The methodology used in the study is applied discourse analysis from a feminist perspective. Applied discourse analysis is a qualitative methodology that examines text as the object of investigation. The text in this instance is derived from interviews with adolescent women. The choice of applied discourse analysis facilitates understanding of an individual’s experience and its connection to social and political dynamics.

The sample consists of seven young women between the ages of 14 and 20 with diverse demographics including income and ethnicity. The young women were recruited using a snowball technique and confined to individuals outside of the author’s social sphere. The interviews varied from one to four hours and took place in a variety of settings. A semi-structured interview schedule was used as well as some numerically scaled questions. Analysis took place through extensive reading and re-reading of the text from the interviews until particular themes or ‘discourses’ emerged from the data. Particular interest was paid to any signs of resistance to the social pressure to be thin.
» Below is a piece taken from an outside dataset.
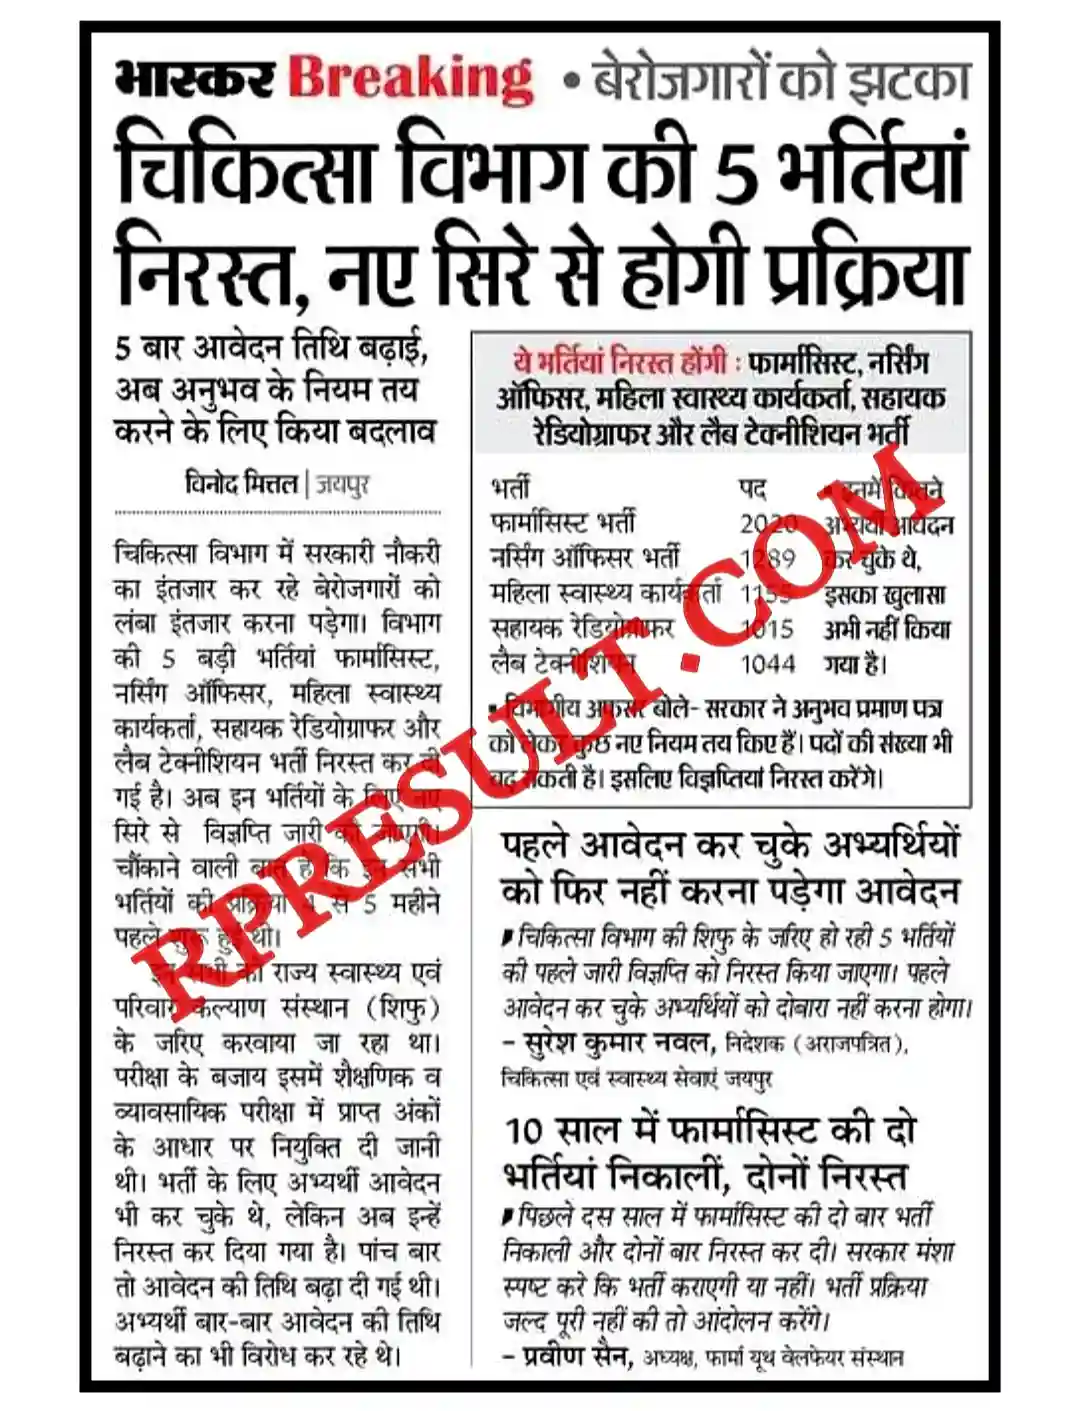 Rajasthan 5 Recruitment Cancelled 2023 राजस्थान चिकित्सा विभाग में 5 भर्तियां कैंसिल, नए सिरे से होंगी शुरू

Applied discourse analysis also gives us a tool to understand inconsistencies and contradictions in accounts of people’s experience. It theorizes that the self is dynamic and individuals present different selves in different contexts. In this study, text was initially organized into four major categories: psychological mastery, negotiating the body, negotiating gender roles and politics and ideology. Then the various accounts were distilled down to 20 pairs some of which are presented in the Findings section of this website. An example of a pair is when a young women states that she has no concerns with her eating habits, weight or shape but later in the interview will assert that her biggest issue is her looks—this pair would be “body satisfaction vs. body dissatisfaction.”